How should FCR regulation be done in relation to frequency?
Activation will be linear to the stationary frequency deviation. If linear control is not possible, it can be activated partially linearly (incrementally). Figure A is an example of step-regulated FCR-N, Figure B is an example of step-regulated FCR- up and Figure C is an example of linearly controlled FCR-N.
Figure A is an example of FCR-N from consumption regulated incrementally
The figure is a graph displaying frequency (Hz) on the x-axis and power (%) on the y-axis.
The x-axis ranges in value from 49.90 to 50.10 Hz. The y-axis ranges from -100 to 100. Origo is the point at which the frequency is 50 Hz and the power is 0%. The graph includes a red step-shaped line that runs from a point where the frequency is 49.90 Hz and the power is 100% to a point where the frequency is 50.10 and the power is -100%.
When the frequency is 50 Hz, no power is required (0%). Increasing the frequency from 50.0 Hz to 50.01 Hz changes the power by 10% (incrementally). Increasing the frequency from 50.01 to 50.02 Hz changes the power by an additional 10%. A corresponding ratio occurs when the frequency is decreased.
Note that this is an example, incremental regulation can take place in different ways. For resources with incremental regulation, there is some room for deviation from a proportional response.
The figure also includes a blue bar that encompasses the red step-shaped line. The blue bar shows the interval available for deviating from a proportional response.
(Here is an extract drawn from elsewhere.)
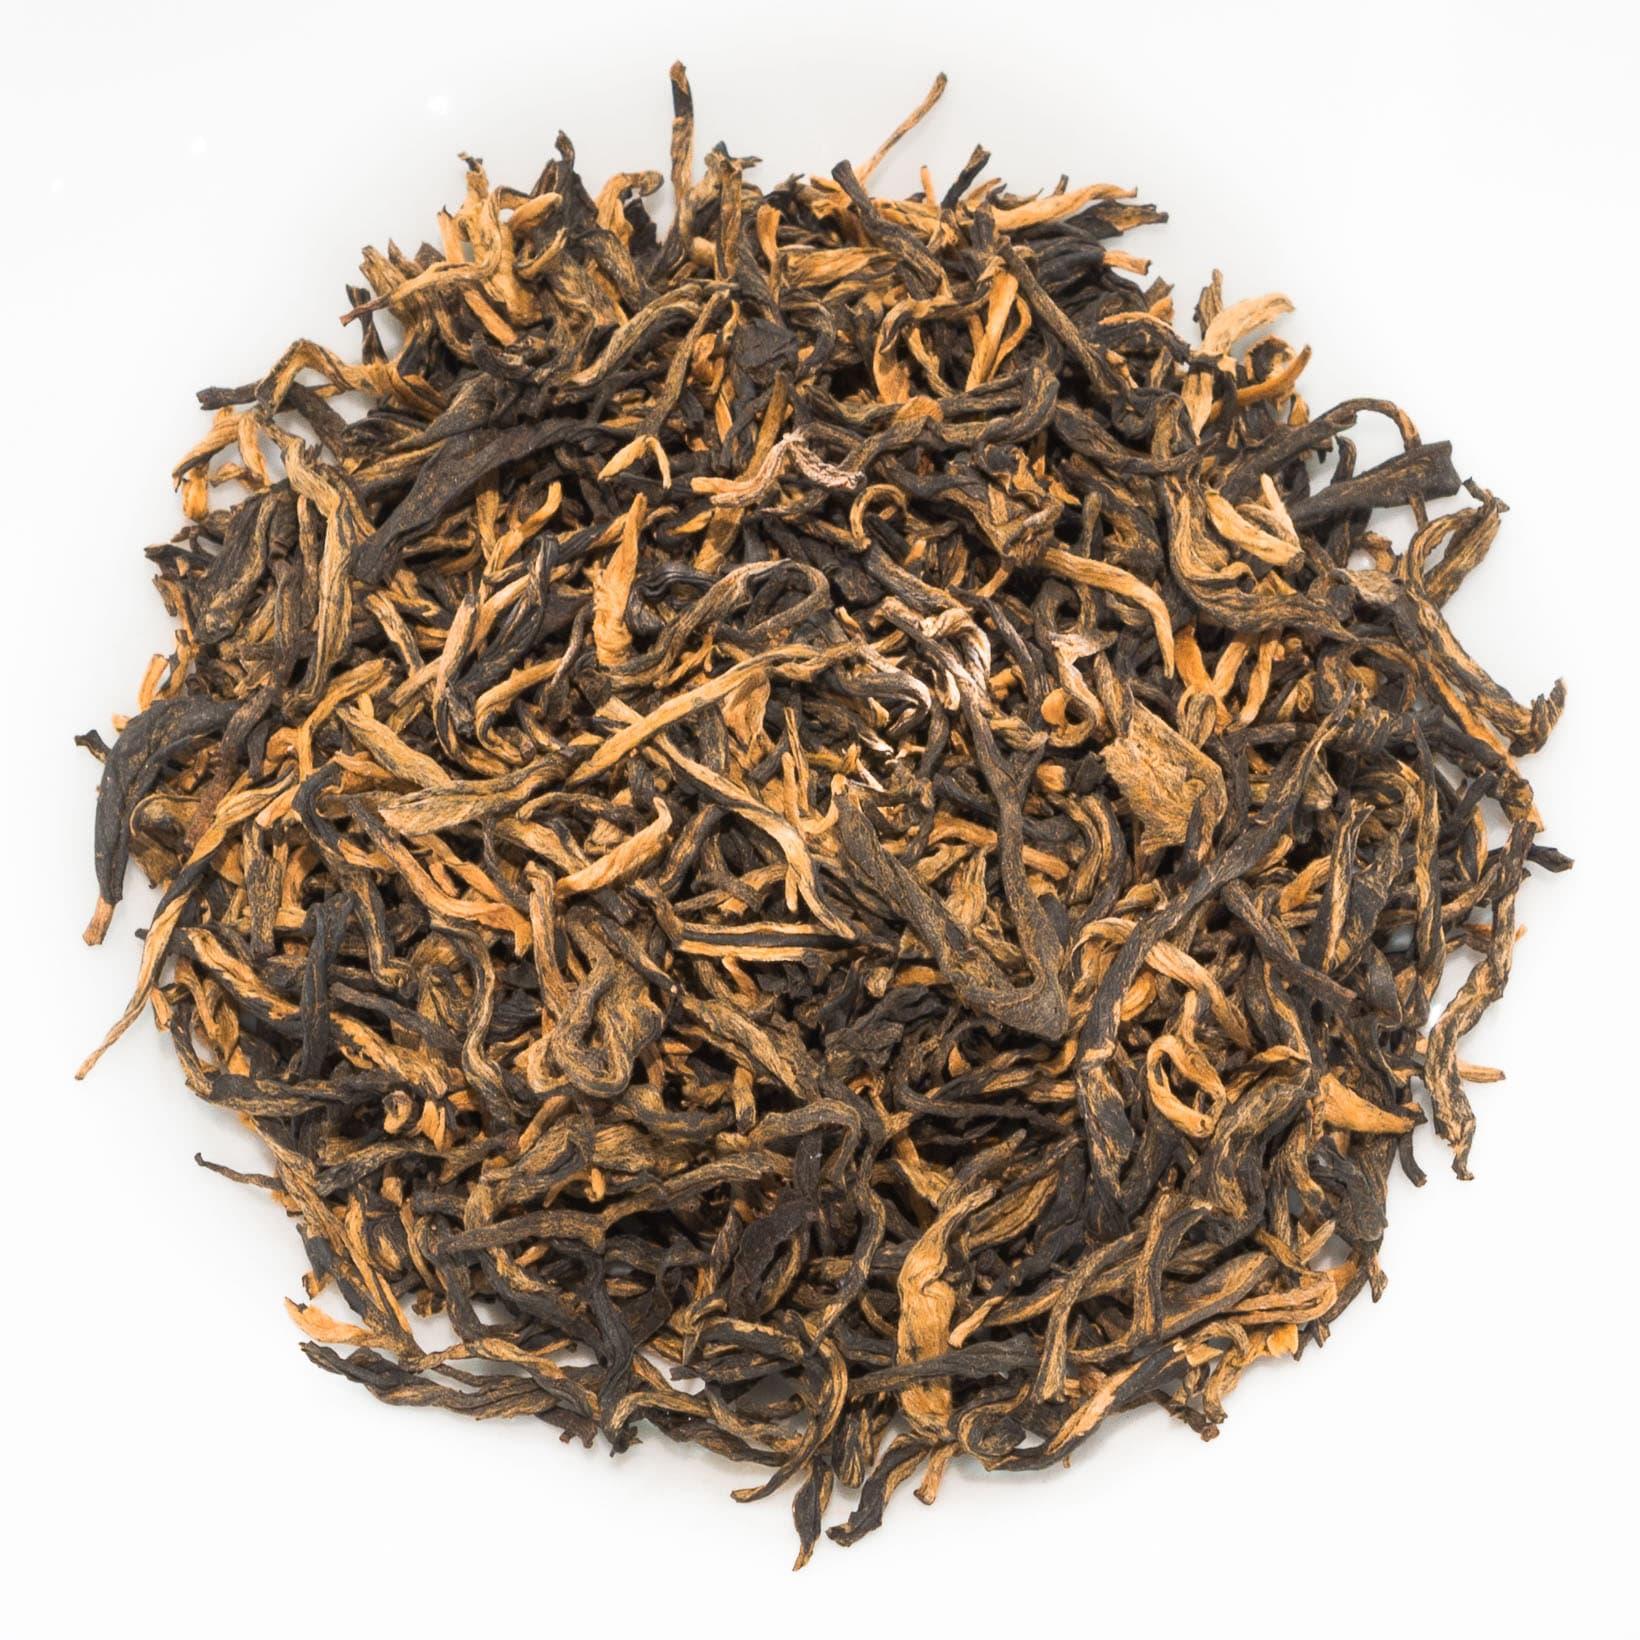 Chinese Golden Monkey King Black Tea Curious Tea

Figure B is an example of FCR-D up from consumption regulated incrementally
The figure is a graph displaying frequency (Hz) on the x-axis and power (%) on the y-axis.
The x-axis ranges in value from 49.40 to 50.60 Hz. The y-axis ranges from -100 to 100. Origo is the point at which the frequency is 50 Hz and the power is 0%. The graph includes a red step-shaped line that runs from a point where the frequency is 49.50 Hz and the power is 100% to a point where the frequency is 49.8 and the power is 0%.
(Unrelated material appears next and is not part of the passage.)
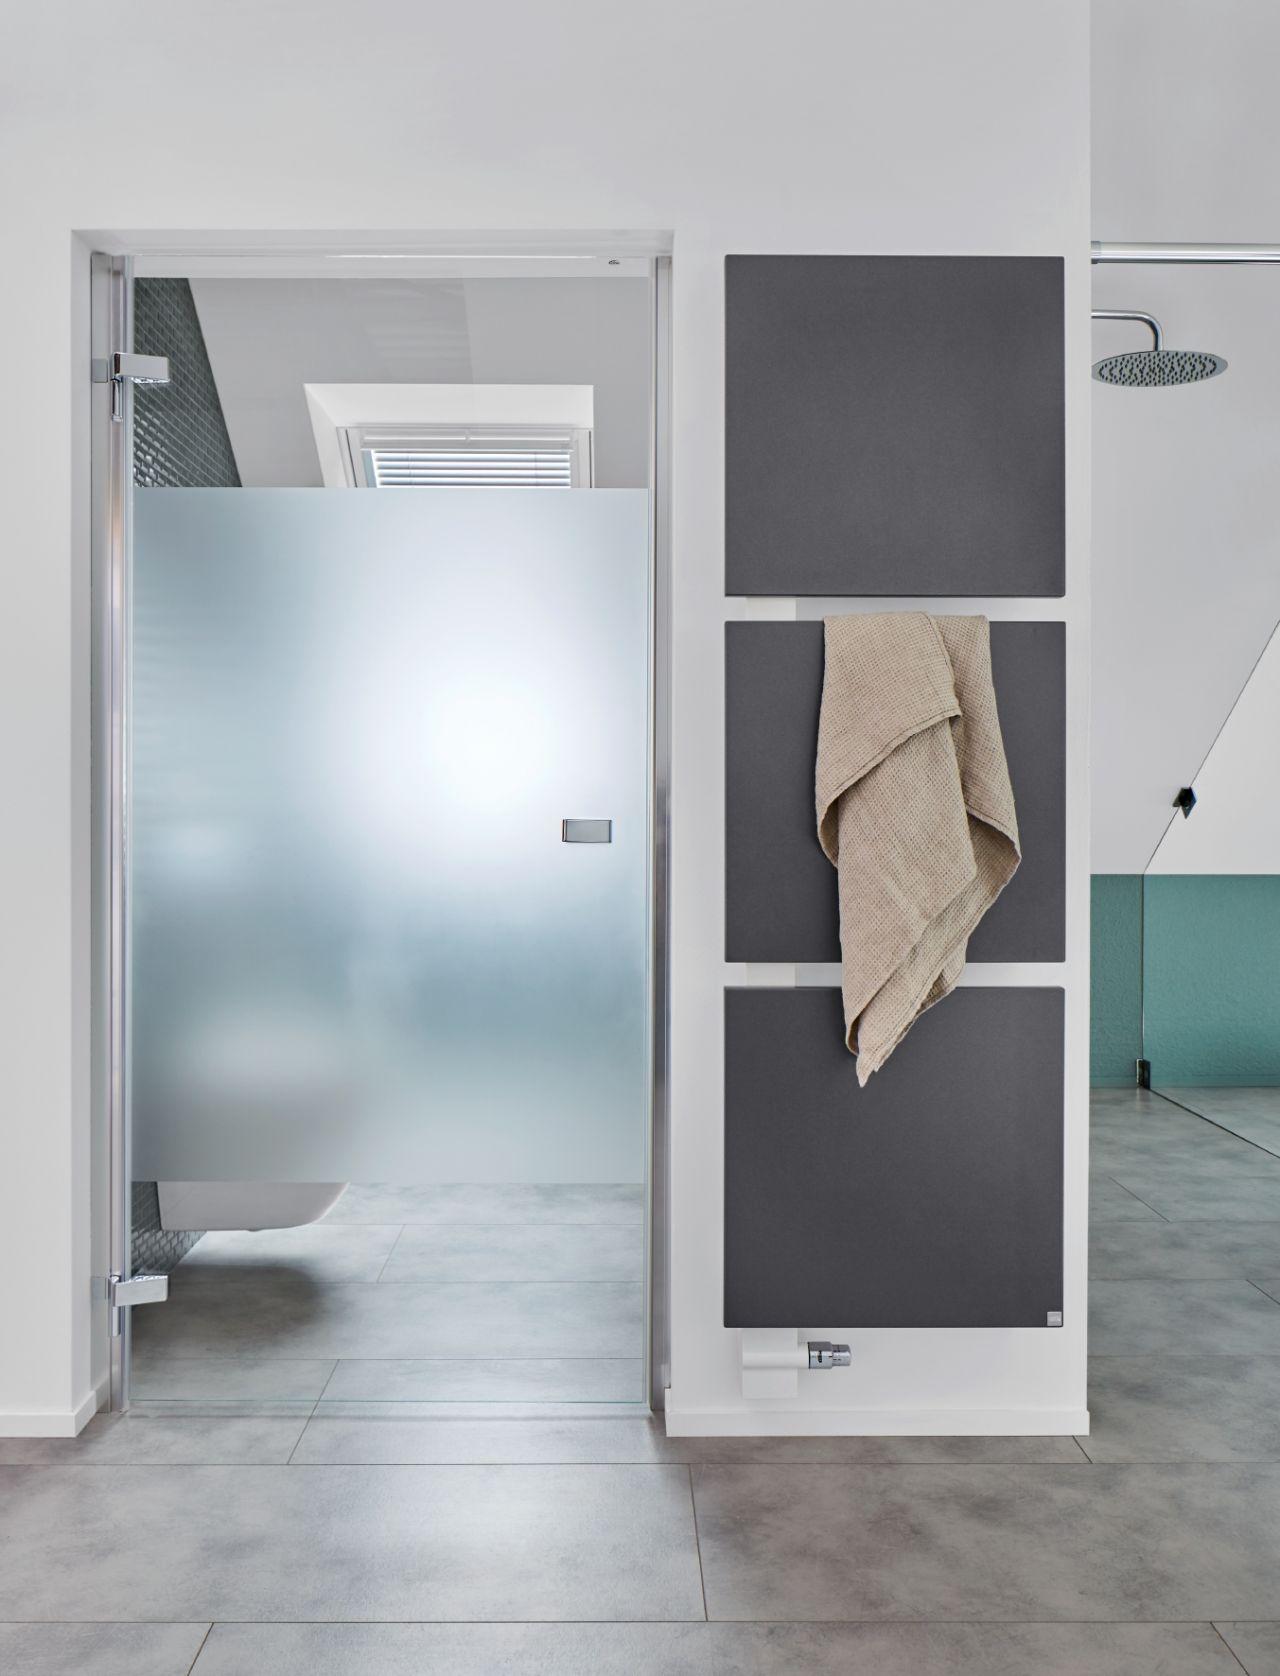 Full Size of Heizkrper Design Funktionalitt Und Sthetik Vereint Bad Heizkörper Für Badezimmer Elektroheizkörper Wohnzimmer Wohnzimmer Kermi Heizkörper

When the frequency is 50 Hz, no power is required (0%). Reducing the frequency from 49.90 Hz to 49.80 Hz changes the power by 25% (incrementally). Reducing the frequency from 49.80 Hz to 49.70 Hz changes the power by a further 25%. A corresponding ratio occurs when the frequency is decreased.
Note that this is an example, incremental regulation can take place in different ways. The figure also includes a blue bar that encompasses the red step-shaped line. The blue bar shows the interval available for deviating from a proportional response.
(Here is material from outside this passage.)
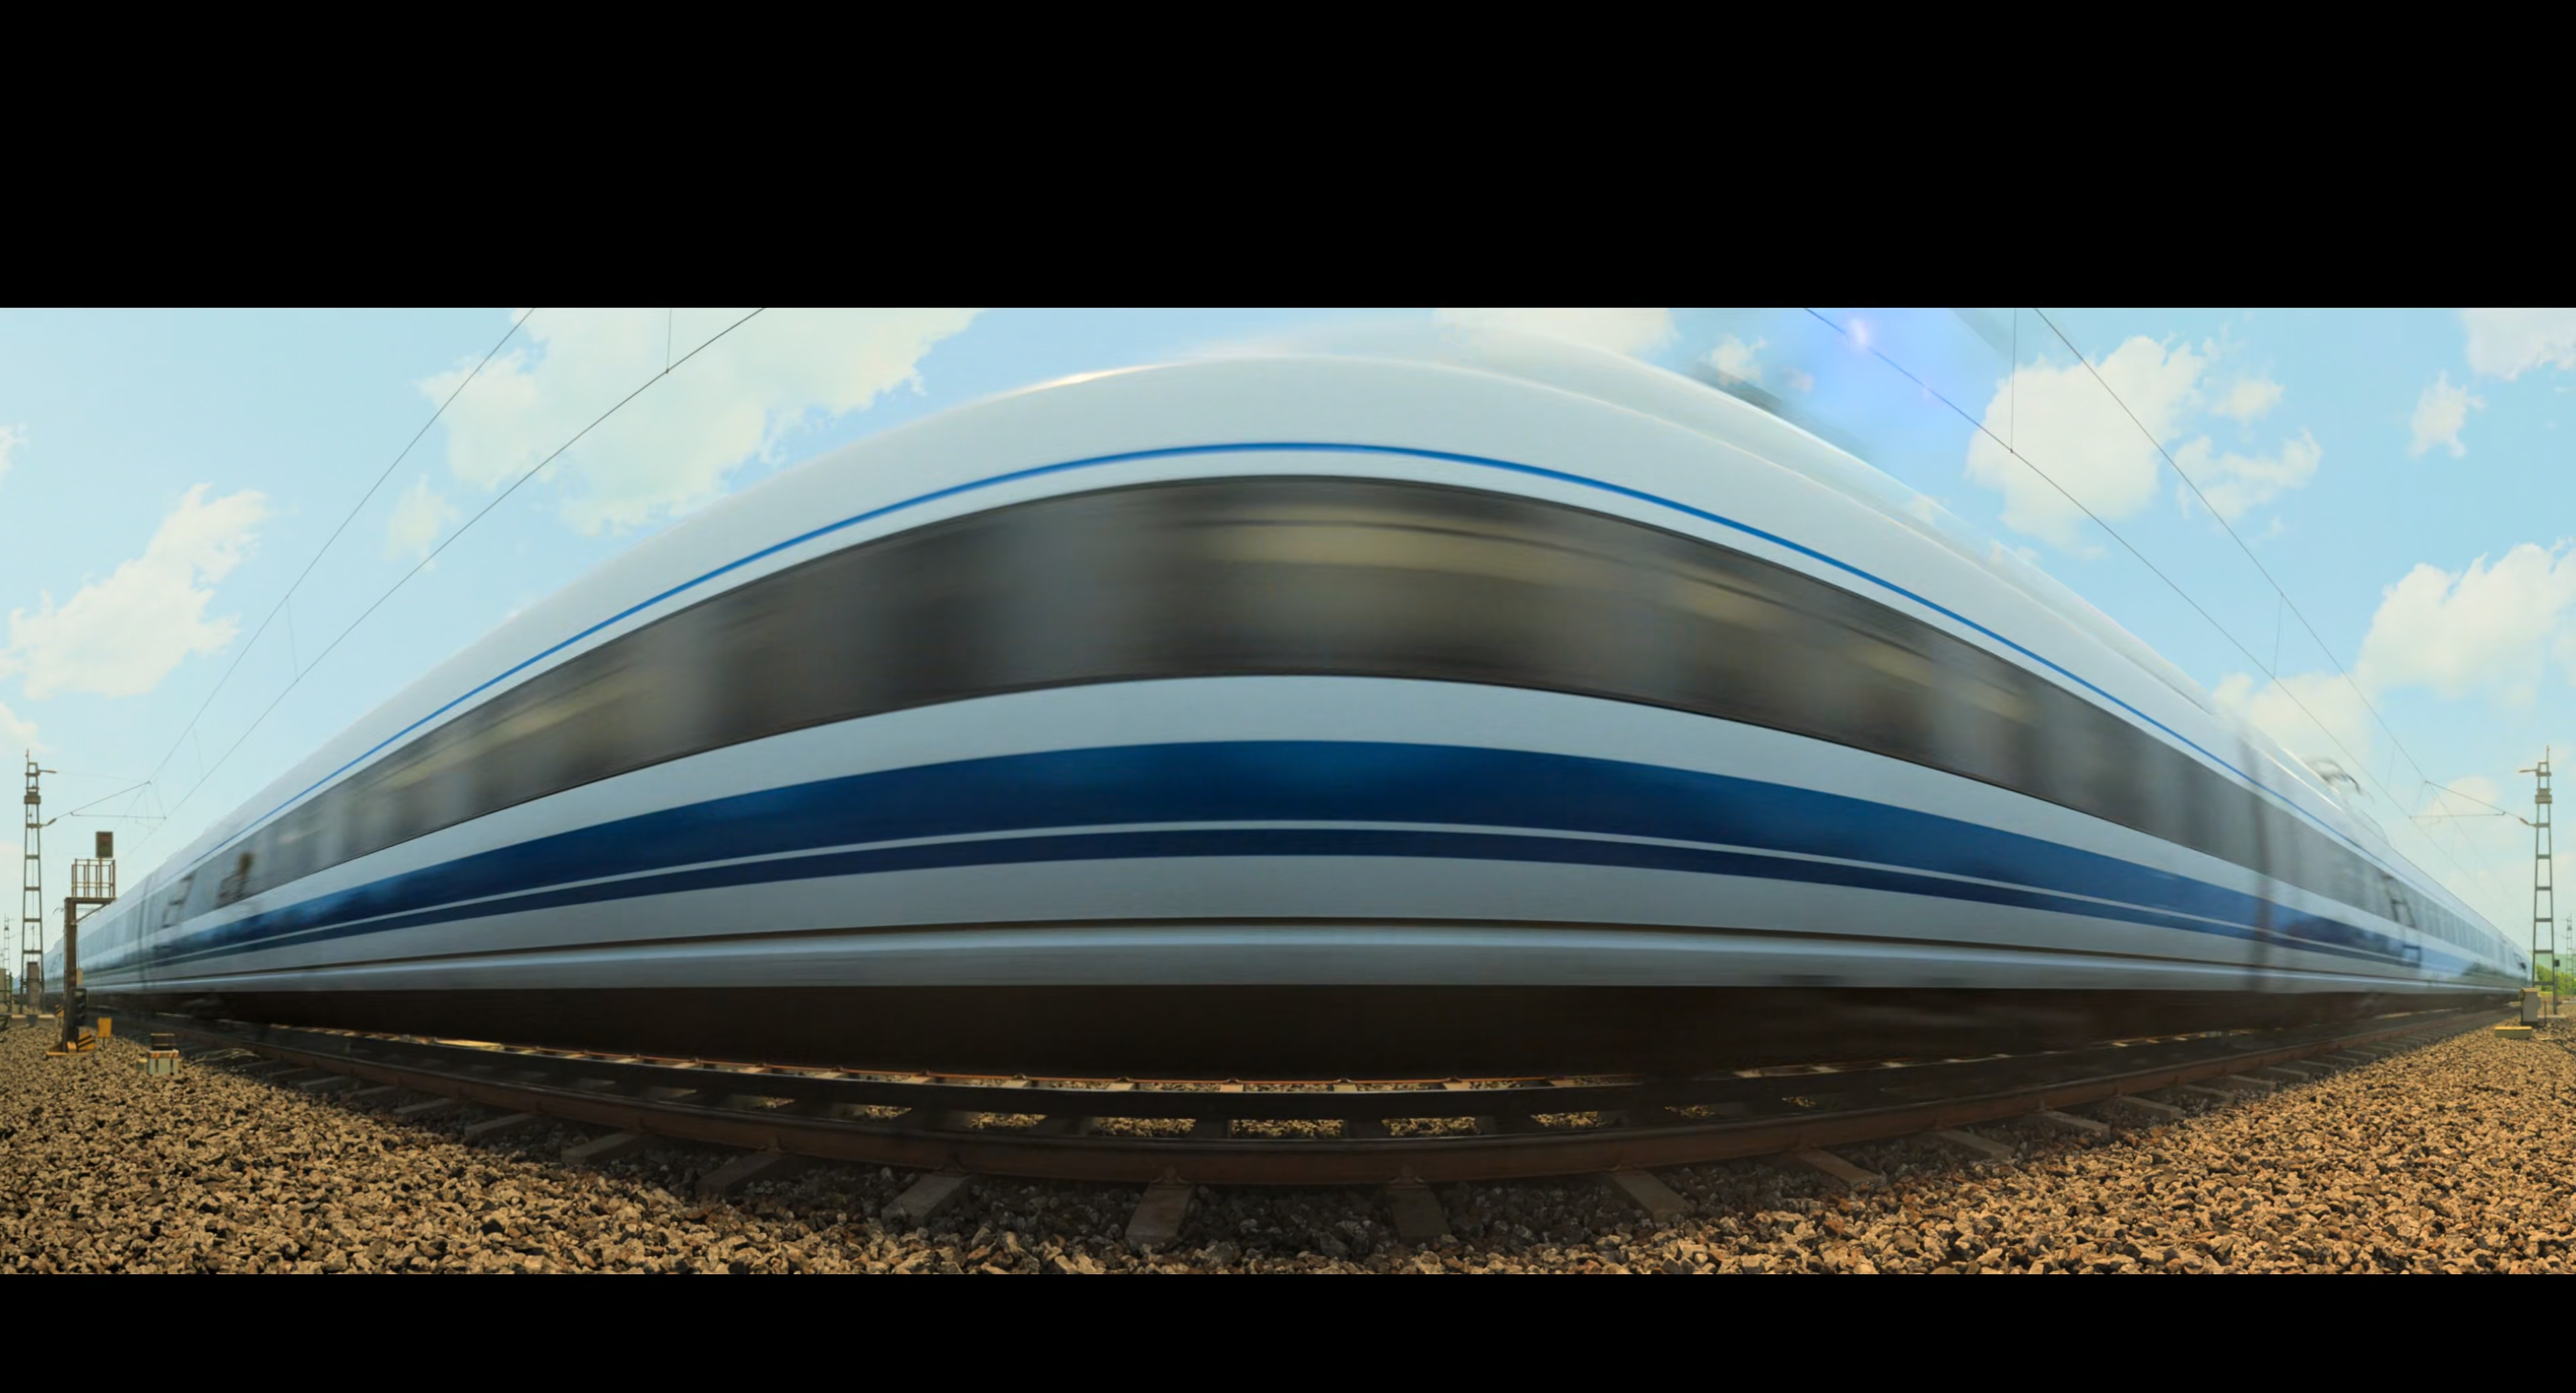 Screenshot où un train de type TGV passe devant la caméra

Figure C shows FCR-N from production that is controlled linearly
The figure is a graph displaying frequency (Hz) on the x-axis and power (%) on the y-axis.
When the frequency is 50 Hz, no power is required (0%). The power changes in exact proportion to a change in frequency (linearly). In continuous (linear) control, activation will take place with a controller whose end value is linear and proportional to the frequency deviation.
The frequency will be measured with sufficient accuracy and resolution and the frequency signal will be used as a parameter for calculating the response setpoint. The setpoint can be calculated by e.g. a PID controller. Another option is a purely proportional regulator that can be combined with a ramp rate limiter or signal processing in the form of, for example, moving averages.
It is up to the provider to design and set up the controller in such a way that requirements such as activation time are met. Svenska kraftnät does not regulate in detail how this should take place, but assesses the suitability of the proposed solution during the prequalification process.